En cuanto al aprendizaje de Nicolás Lobato, no existen datos de en donde se produjo. Lo que si podemos saber, según algunas fuentes, es que una vez asentado su taller en Zaragoza en 1525, como anteriormente mencionamos, se trasladó a Toledo entre los años 1530 a 1537 en donde podía haber perfeccionado su labor gracias a la cercanía con Alonso de Berruguete, dotando así a su obra de un aspecto mas miguelangelesco. Esta renovación ornamental en su estilo aplicado a las mazonerías, le acarrearon un indudable éxito, siendo el constructor de retablos preferido durante los años 40 por los más importantes pintores del momento en Aragón.

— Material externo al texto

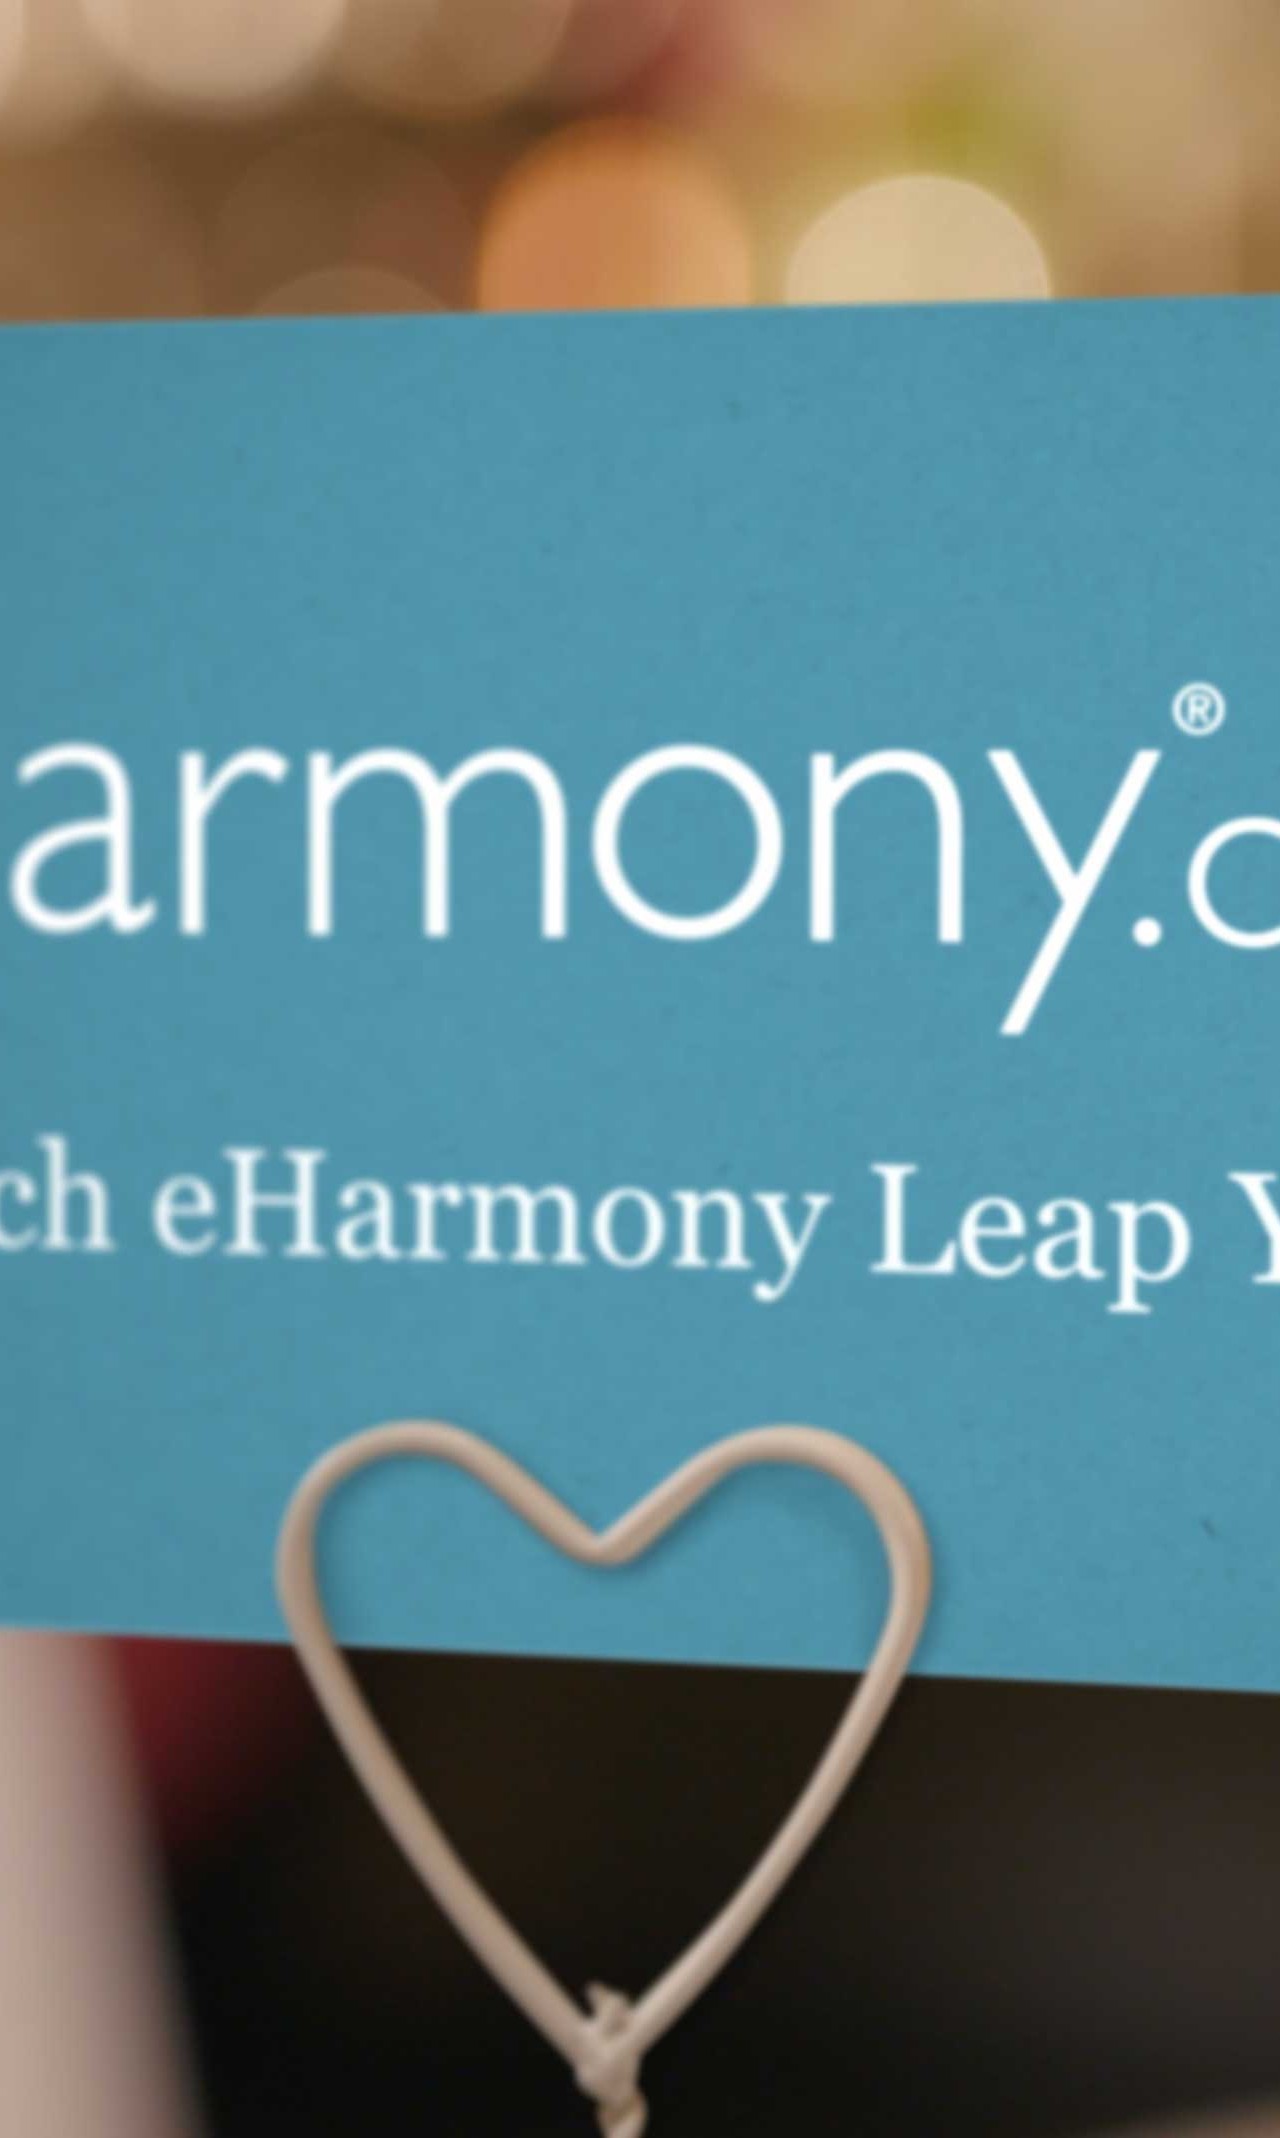 eHarmony logo on cardboard

Nicolás Lobato, que no sabía escribir, supo posiblemente aprovechar su relación con ellos para incorporar al entonces ya tradicional repertorio ornamental de los retablos aragoneses renacentistas, toda una serie de motivos nuevos, que enriquecen las formas y aporta temas de carácter naturalista con un fuerte sentimiento dramático. El repertorio decorativo de Nicolás Lobato constituyó en buena medida una “bisagra” entre las decoraciones desarrolladas durante el segundo tercio del siglo XVI y el nuevo estilo ornamental que surge desde mediados de siglo.
Fuentes consultadas:
“La Escultura del Renacimiento en Aragón”. Museo e Instituto de Humanidades “Camón Aznar”. Zaragoza, 1993. Autores de los textos empleados: Federico B. Torralba Soriano, José Ignacio Gómez Zorraquino, María Luisa Miñana Rodrigo, Ángel Hernansanz Merlo.
Enrique Sancho Gutiérrez, enero de 2012.